You are given a tree of $$$n$$$ nodes with node $$$1$$$ as its root node.

There is a hidden mole in one of the nodes. To find its position, you can pick an integer $$$x$$$ ($$$1 \le x \le n$$$) to make an inquiry to the jury. Next, the jury will return $$$1$$$ when the mole is in subtree $$$x$$$. Otherwise, the judge will return $$$0$$$. If the judge returns $$$0$$$ and the mole is not in root node $$$1$$$, the mole will move to the parent node of the node it is currently on.

Use at most $$$160$$$ operations to find the current node where the mole is located.

The first line of each test case contains one integer $$$n$$$ ($$$2 \le n \le 5000$$$).

The following $$$n-1$$$ lines describe the edges of the tree. Each line contains two space-separated integers $$$u_i$$$ and $$$v_i$$$ ($$$1 \le u_i, v_i \le n$$$), indicating an edge between nodes $$$u_i$$$ and $$$v_i$$$.

It is guaranteed that the input data represents a tree.

The interactor in this task is not adaptive. In other words, the node where the mole is located at first is fixed in every test case and does not change during the interaction.

To ask a query, you need to pick a vertex $$$x$$$ ($$$1 \le x \le n$$$) and print the line of the following form:

• "? x"

After that, you receive:

• $$$0$$$ if the mole is not in subtree $$$x$$$;
• $$$1$$$ if the mole is in subtree $$$x$$$.
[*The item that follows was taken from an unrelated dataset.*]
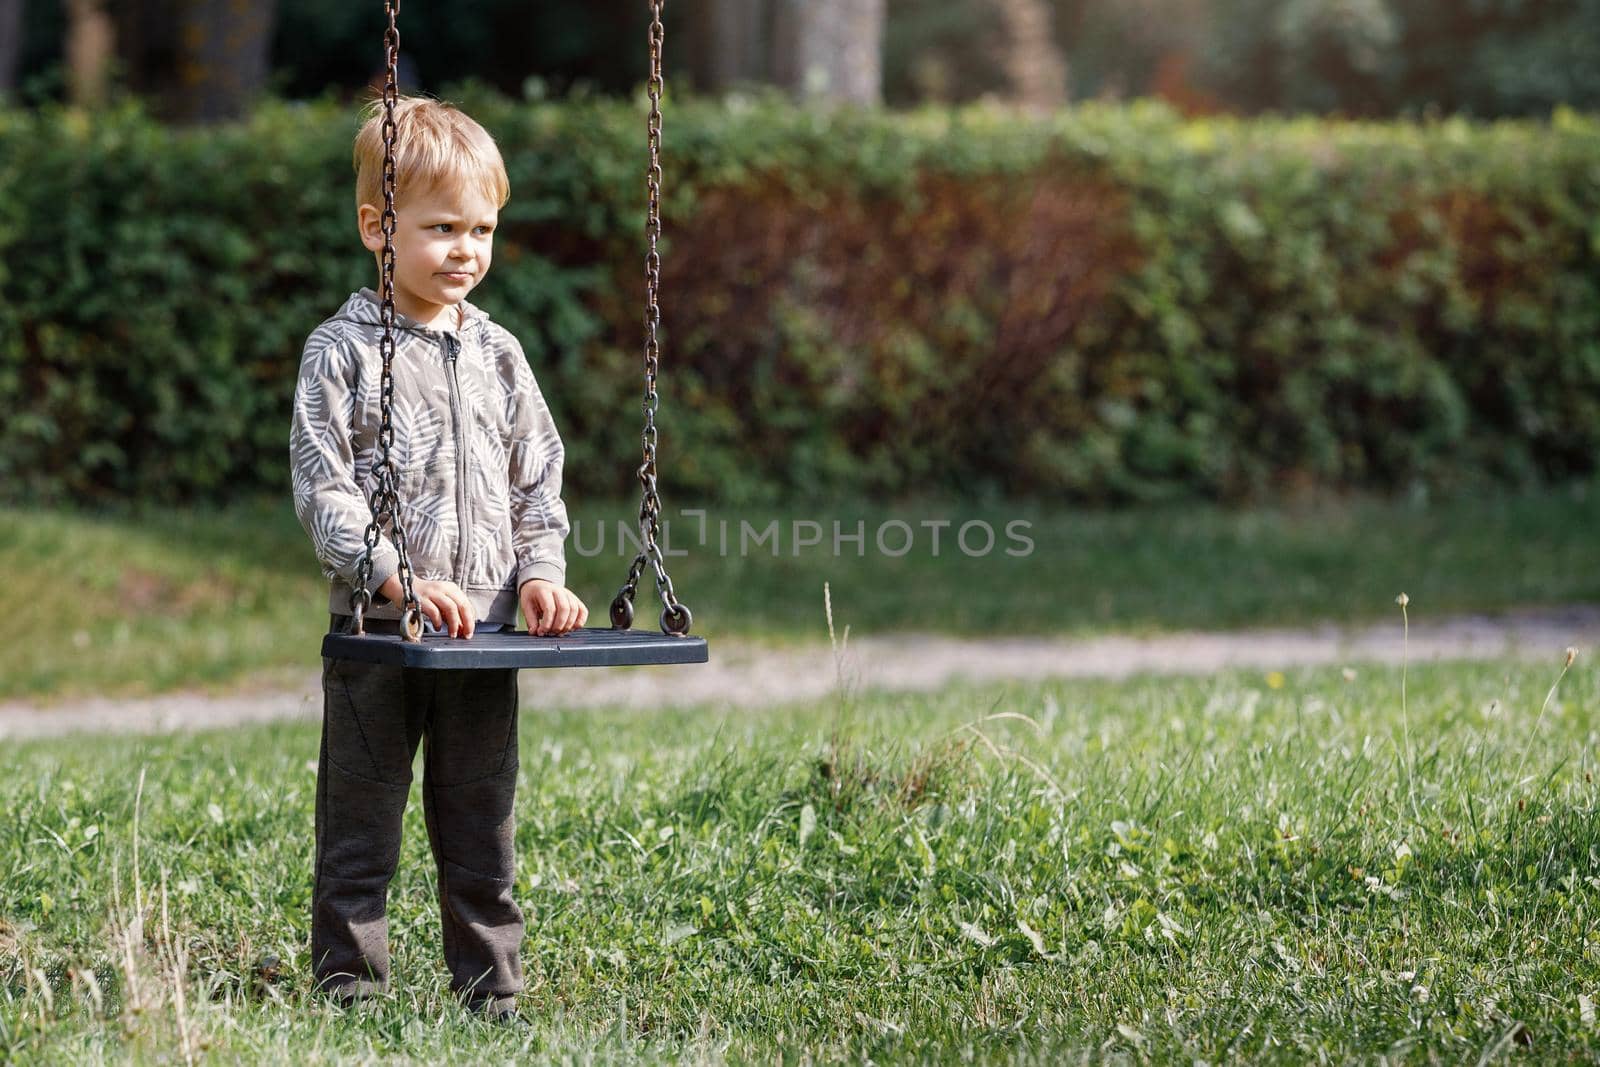 An attractive little boy stands next to a swing with chains in a city park, a child getting ready to swing. Horizontal photo.

You can make at most $$$160$$$ queries of this form for each test case.

Next, if your program has found the current node where the mole is located, print the line of the following form:

• "! x"

Note that this line is not considered a query and is not taken into account when counting the number of queries asked.

After this, proceed to the next test case.
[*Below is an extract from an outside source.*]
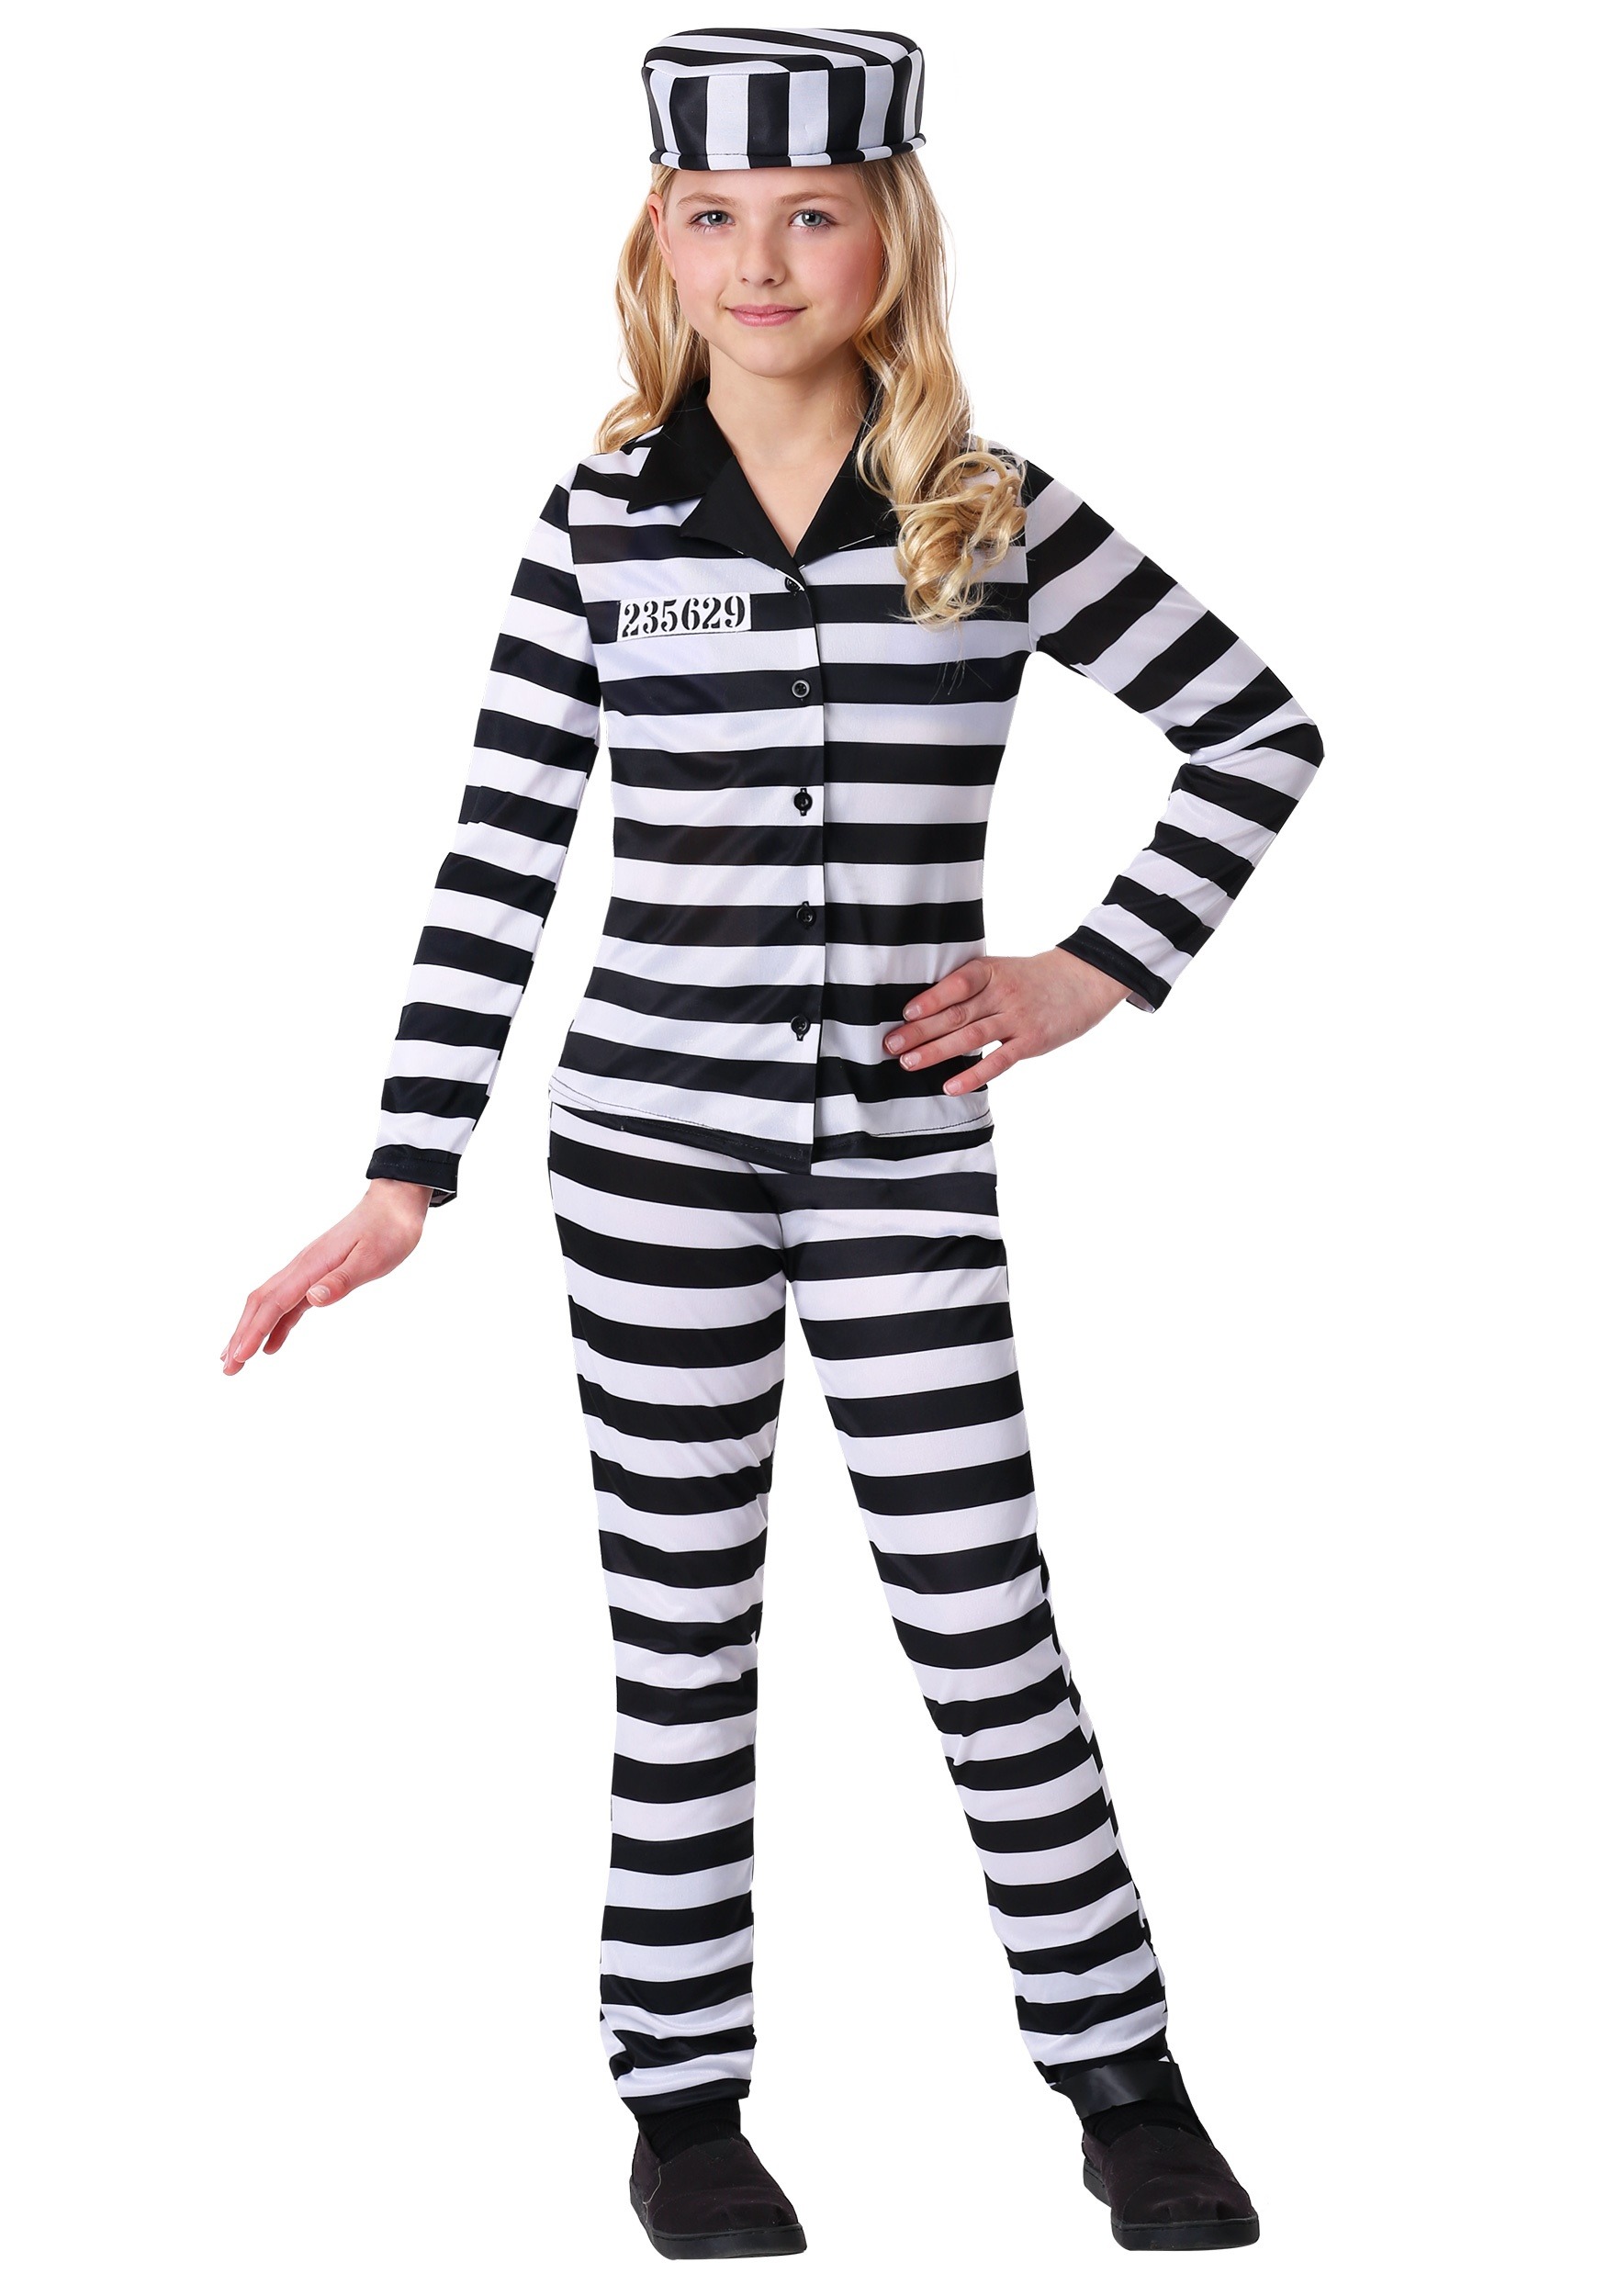 Photos - Fancy Dress FUN Costumes Incarcerated Cutie Costume for Girls Black/White

If you make more than $$$160$$$ queries during an interaction, your program must terminate immediately, and you will receive the Wrong Answer verdict. Otherwise, you can get an arbitrary verdict because your solution will continue to read from a closed stream.

After printing a query or the answer for a test case, do not forget to output the end of line and flush the output. Otherwise, you will get the verdict Idleness Limit Exceeded. To do this, use:

• fflush(stdout) or cout.flush() in C++;
• System.out.flush() in Java;
• flush(output) in Pascal;
• stdout.flush() in Python;
• see the documentation for other languages.

Hacks

To hack, follow the test format below.

The first line contains the number of test cases $$$t$$$ ($$$1 \le t \le 100$$$). The description of the test cases follows.

The first line of each test case contains one integer $$$n$$$ and $$$x$$$ ($$$2 \le n \le 5000$$$, $$$1 \le x \le n$$$) — the size of the tree and the initial position of the mole.

The following $$$n-1$$$ lines describe the edges of the tree. Each line contains two space-separated integers $$$u_i$$$ and $$$v_i$$$ ($$$1 \le u_i, v_i \le n$$$), indicating an edge between nodes $$$u_i$$$ and $$$v_i$$$.

The input data must represent a tree.